We were delivering copies of the new Wesley Clark DVD, American Son, an 18-minute profile by Designing Women creator Linda Bloodworth, who was also responsible for the 1992 Clinton mini-bio-pic The Man from Hope. (Wisely intuiting that not everyone in rural New Hampshire owns a DVD player, the Clark campaign is broadcasting American Son weekly on WNDS until the primary; it’s also available at www.clark04.com/americanson).

At our first stop, a genial, bearded man said that, for the moment, he was split between Dean and Clark. Mike asked him what he considered the most important issue of the campaign. He thought for a second ... "Who can I trust?" Then he gestured toward an Army sticker on the bumper of his pick-up truck, and mentioned he’d received the Purple Heart. Veterans’ issues are important to him too, he said, intimating that that might tilt him in Clark’s favor. "We’re gonna win," said Mike. "Ya’d better, with that fuckin’ moron in the White House!" he laughed; his sharp northern New England accent made "fuckin’ moron" sound more like "fahckin moe-ron." Then, gesturing at his porch thermometer (which read three degrees), he admonished us, "Now get back in the car, and stay warm!"

The target at the next house wasn’t home, but a guy with a grizzled face and dark-tinted glasses answered the door. "Well, I’m a Republican, so I can’t vote in the primary," he said. "But I would consider him in the general election." This intrigued us. "I don’t like this 60, 70 billion for Iraq" — he spit the word out like a piece of bad food — "all spent for something where I don’t see much good coming from it in the long run. Seems more and more like Vietnam." He’d rather see that money used for education and job creation, he said. Even Bush’s new plan to establish a permanent presence on the moon and put a man on Mars seemed more deserving.

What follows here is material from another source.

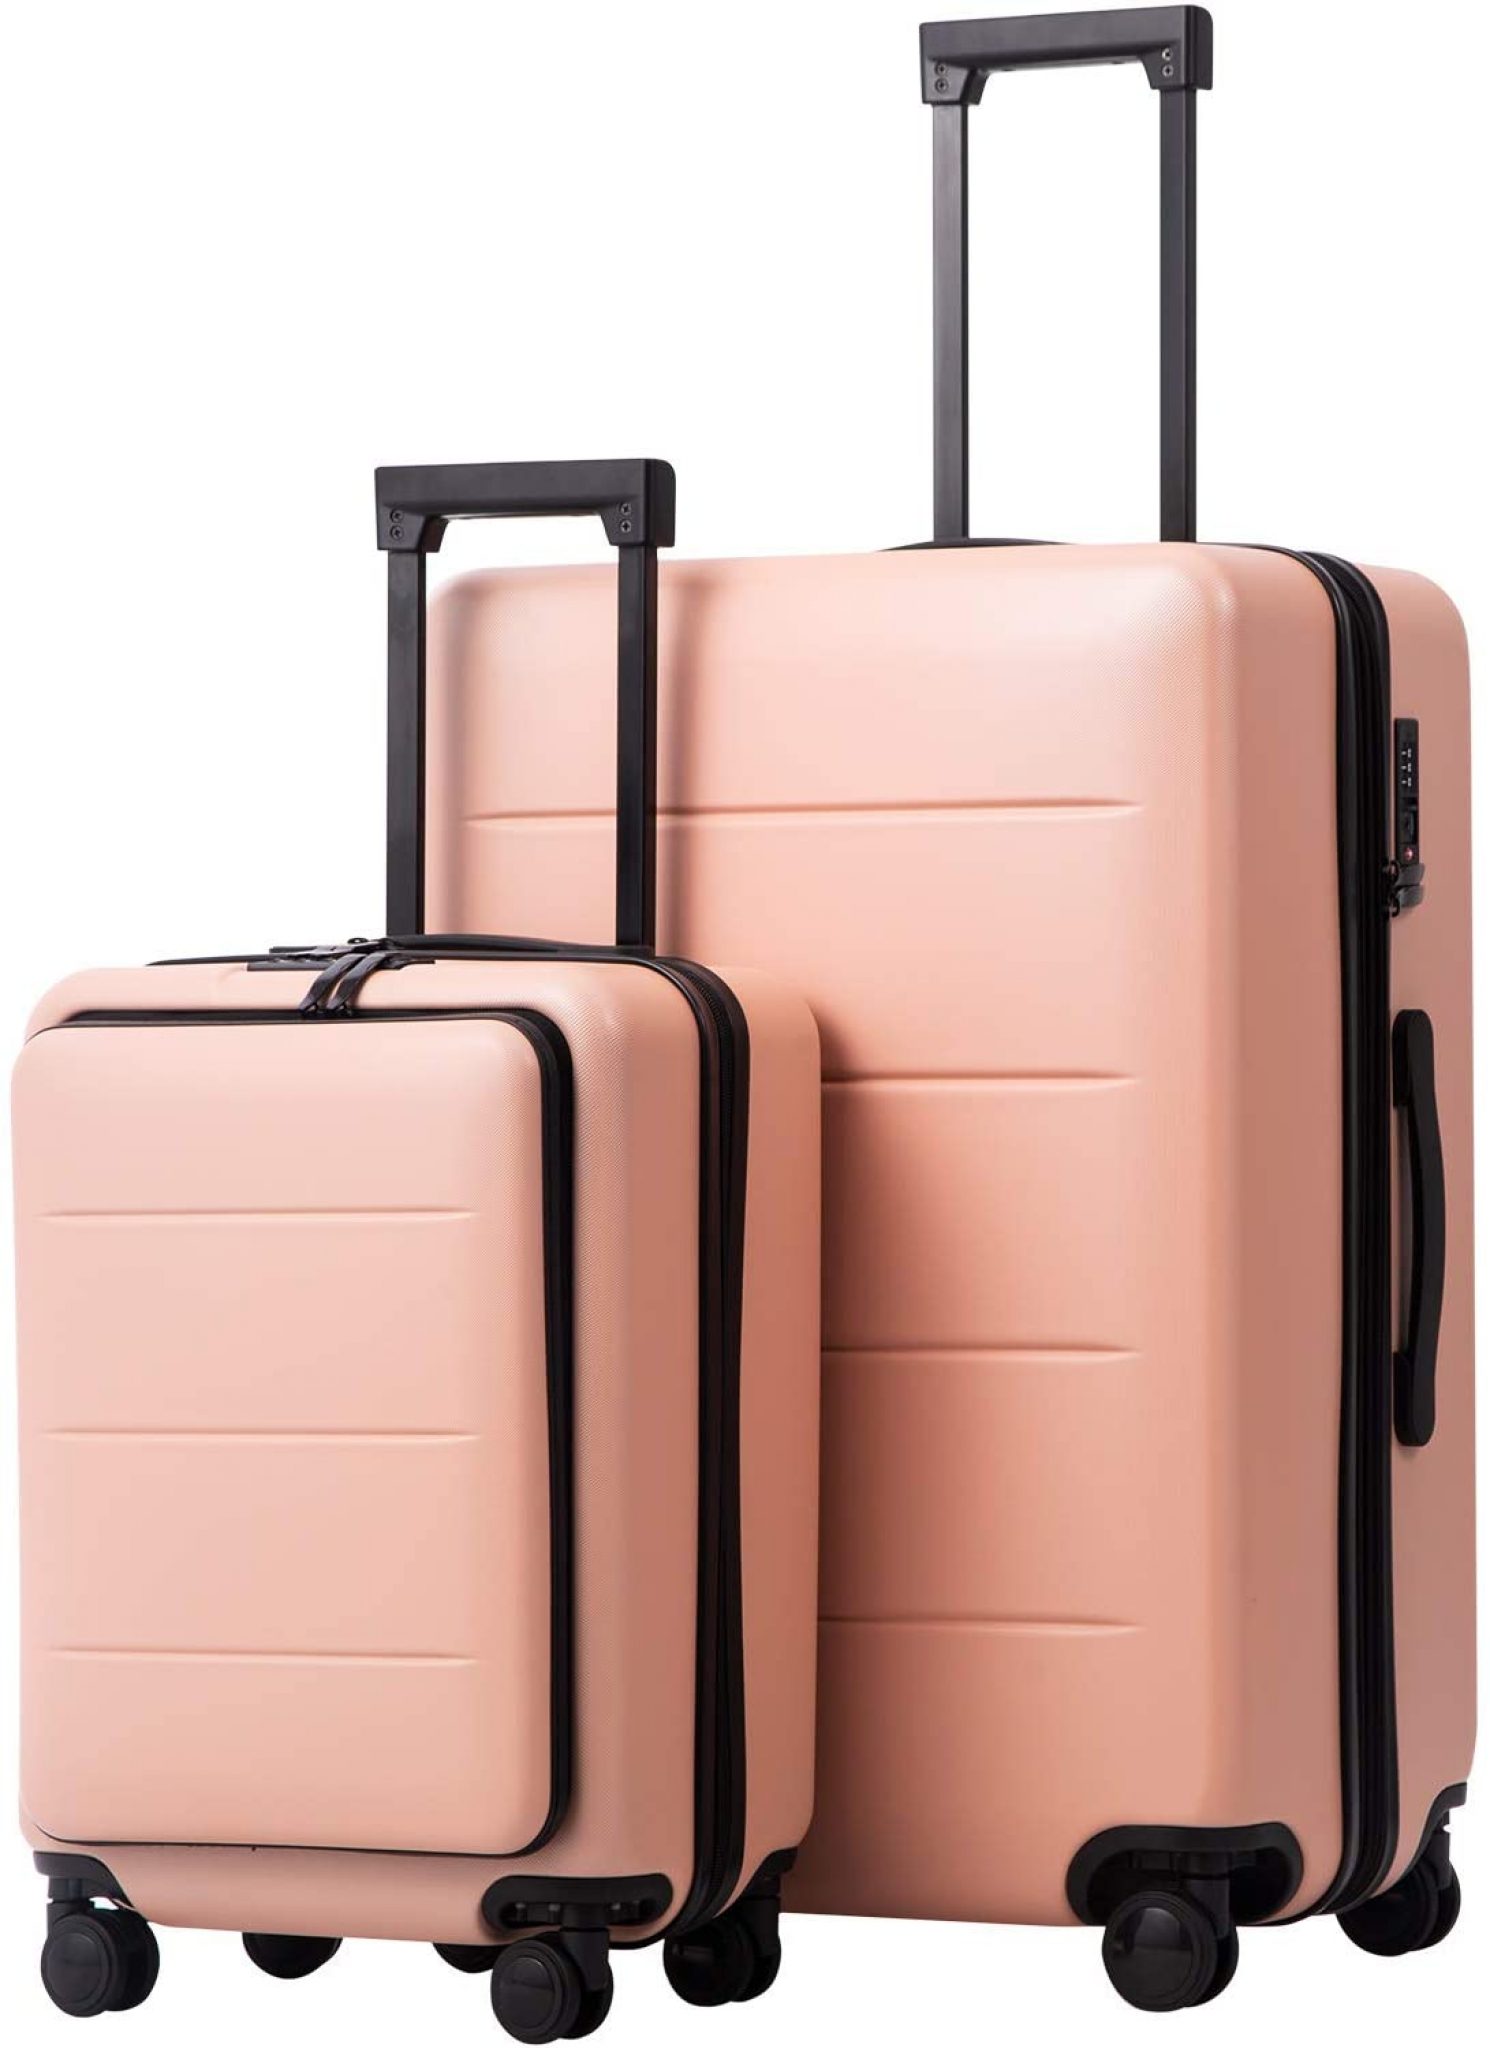 Coolife Luggage Sets Review & Rating - Luggage & Travel
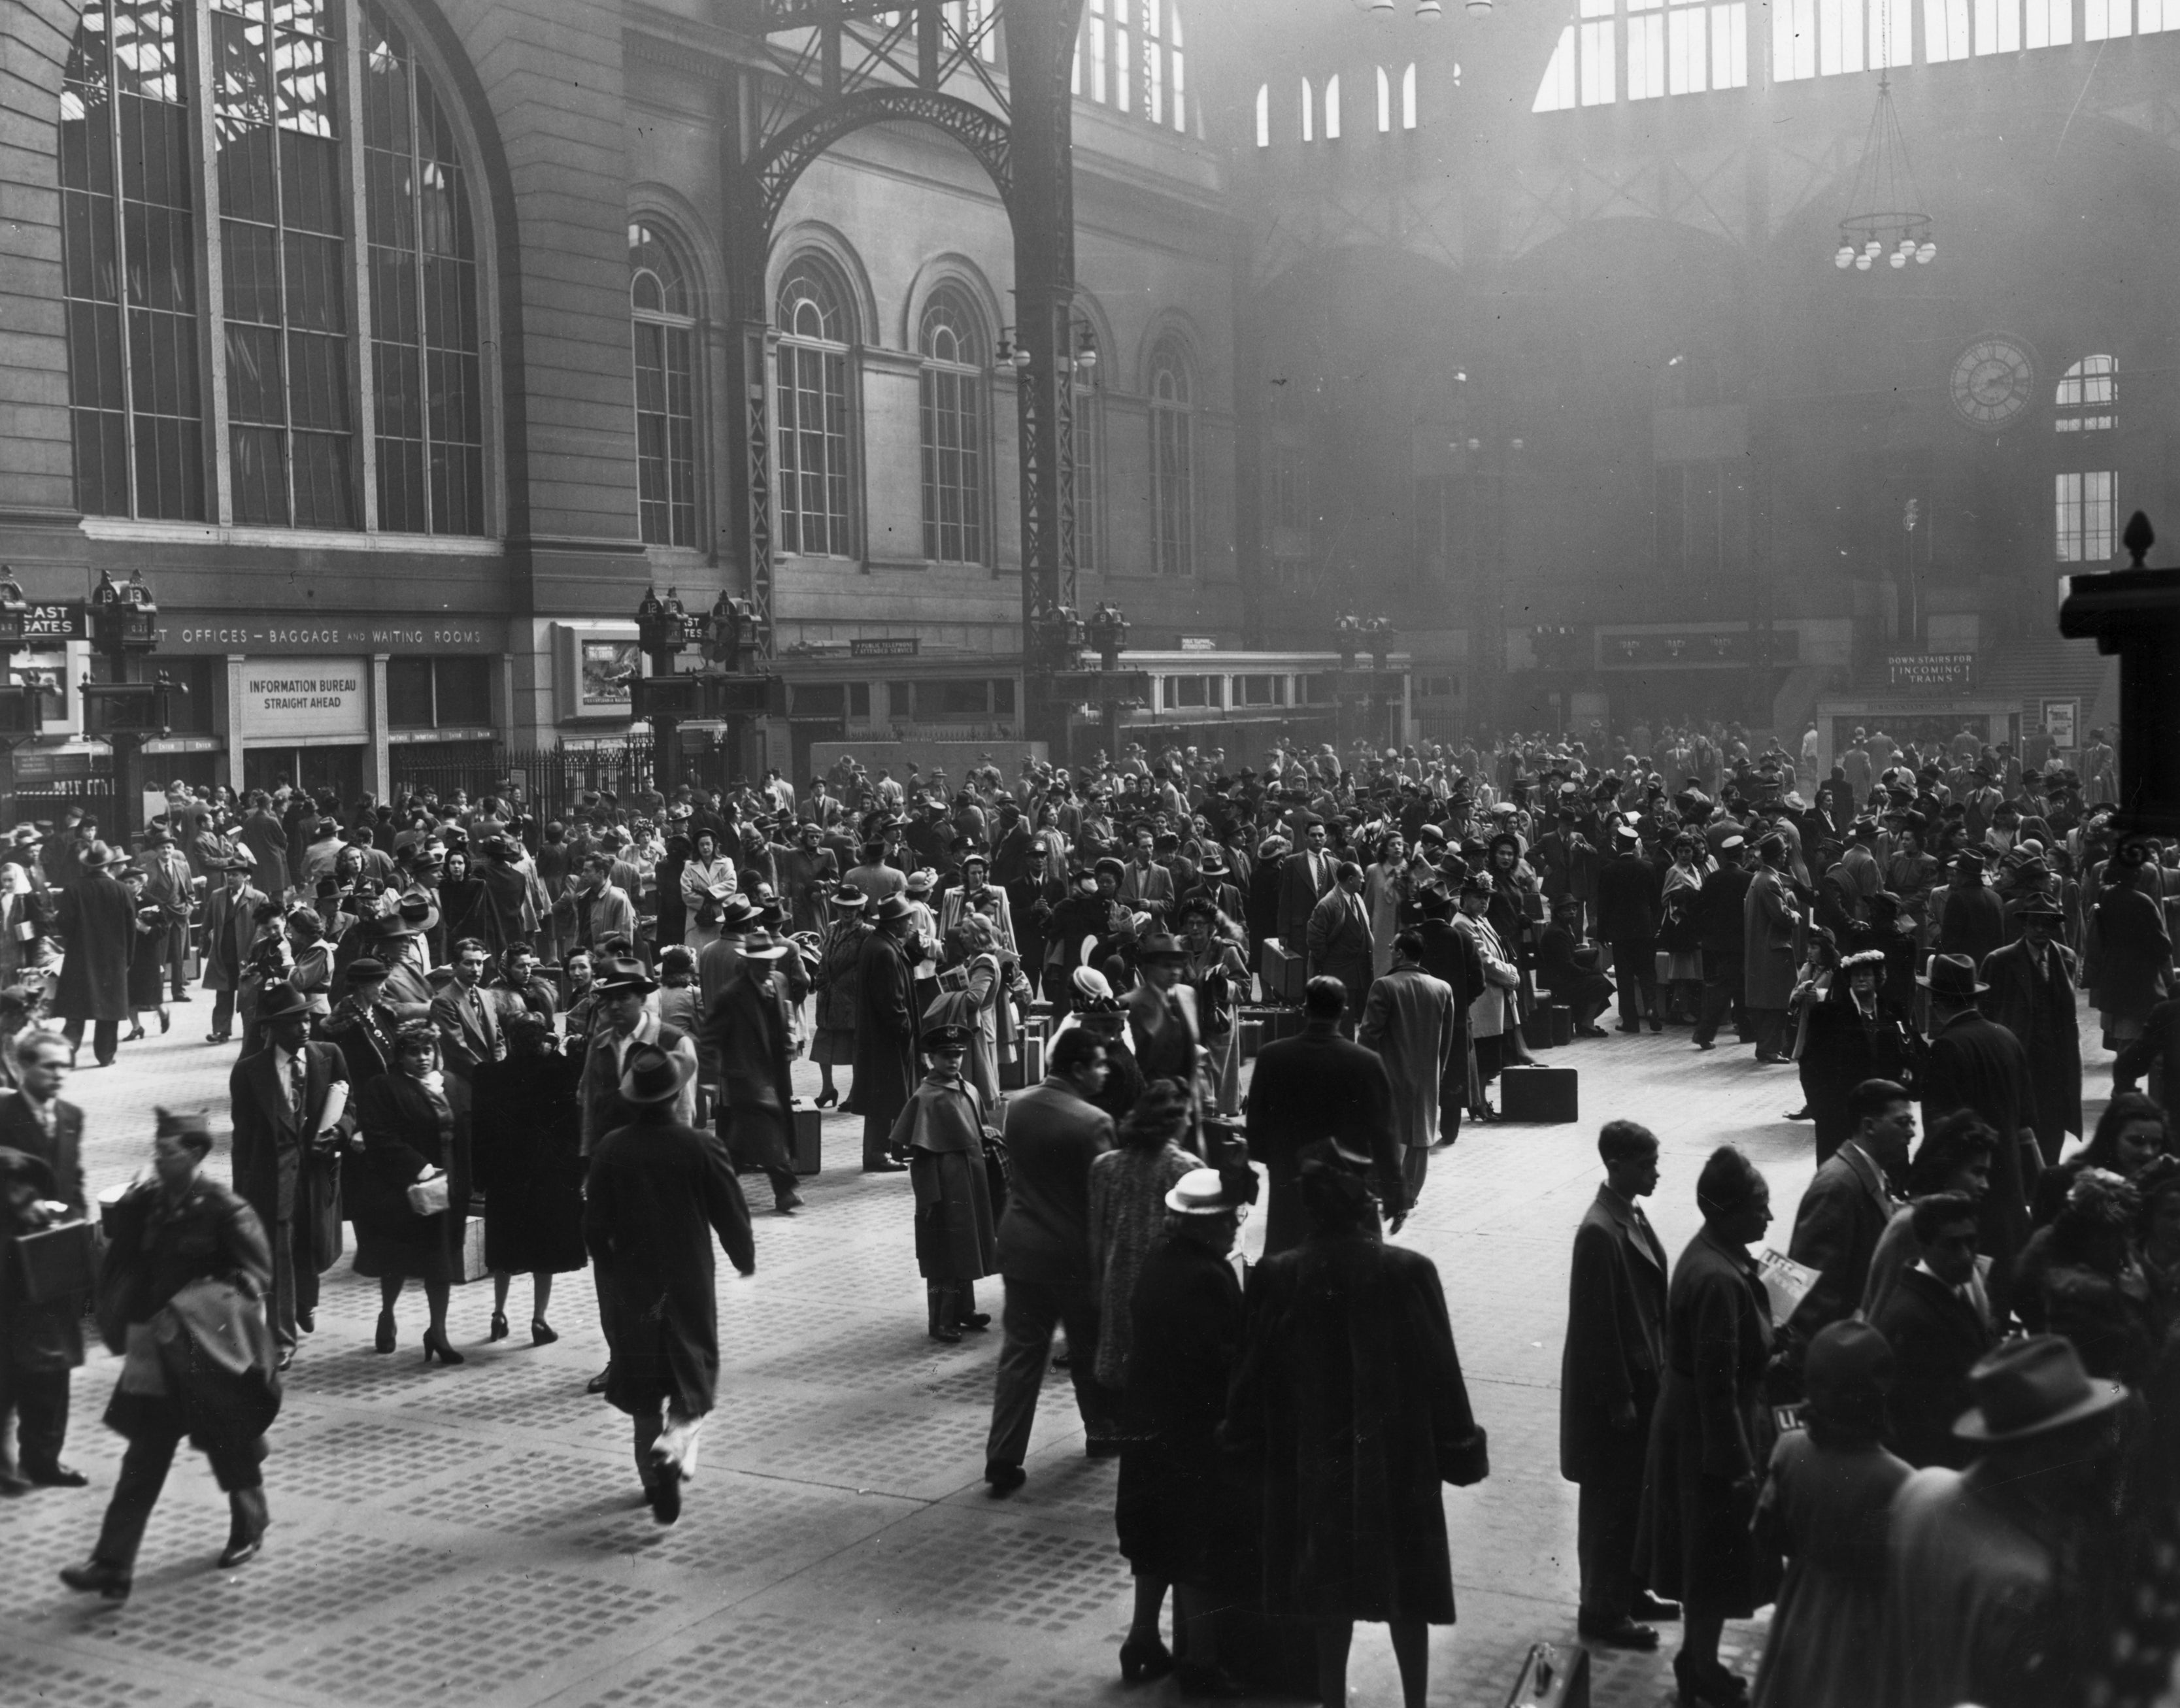 View of a crowd of people in the interior of the old Pennsylvania Rail Road Station, New York City, circa 1950

INTERESTINGLY, THOSE two prospective Clark supporters were the only bearers of Y chromosomes we encountered that day. Last Friday, a New York Times cover story reported on the Clark campaign’s effort to engage women, who trail men in their support for the former general — a fact Clark chalks up to distaste for the Army as a "male-dominated, hierarchical, authoritarian institution." His campaign Web site features a page called "Valuing Women," with bullet points explaining his commitment to equal opportunity in the workplace, reproductive freedom, and "stepping up our efforts to fight violence against women" as "human-rights violations." And his recently softened wardrobe, trading military spit-and-polish and sharp navy-blue suits for sweaters and corduroys, has attracted an almost comical amount of attention. But even if the Times’s Maureen Dowd pokes fun at his new penchant for argyle pullovers that "conjure up images of Bing Crosby on the links or Fred MacMurray at the kitchen table," he’s got one high-profile woman in his corner. Last week Clark supporters nationwide found an e-mail in their inboxes from Madonna, who officially endorsed him, speaking "not only as a ‘celebrity’ but as an American citizen and as a mother."

The door-knocking campaign also seemed to be on its toes, targeting the perceived gender gap. Of the 30 or so homes we visited, at least 20 housed female Democrats or Independents — even if the information was sometimes a little out of date. "Thanks, but I’m a Republican," said one woman as she opened the door in her bathrobe. Apparently, the name on our list had not lived at that address for four years. "Any Democratic friends you want to give this to?" said Mike. "No. But good luck — and stay warm!" "Ah," I said to Mike as we stepped gingerly down the frozen driveway, "a compassionate conservative."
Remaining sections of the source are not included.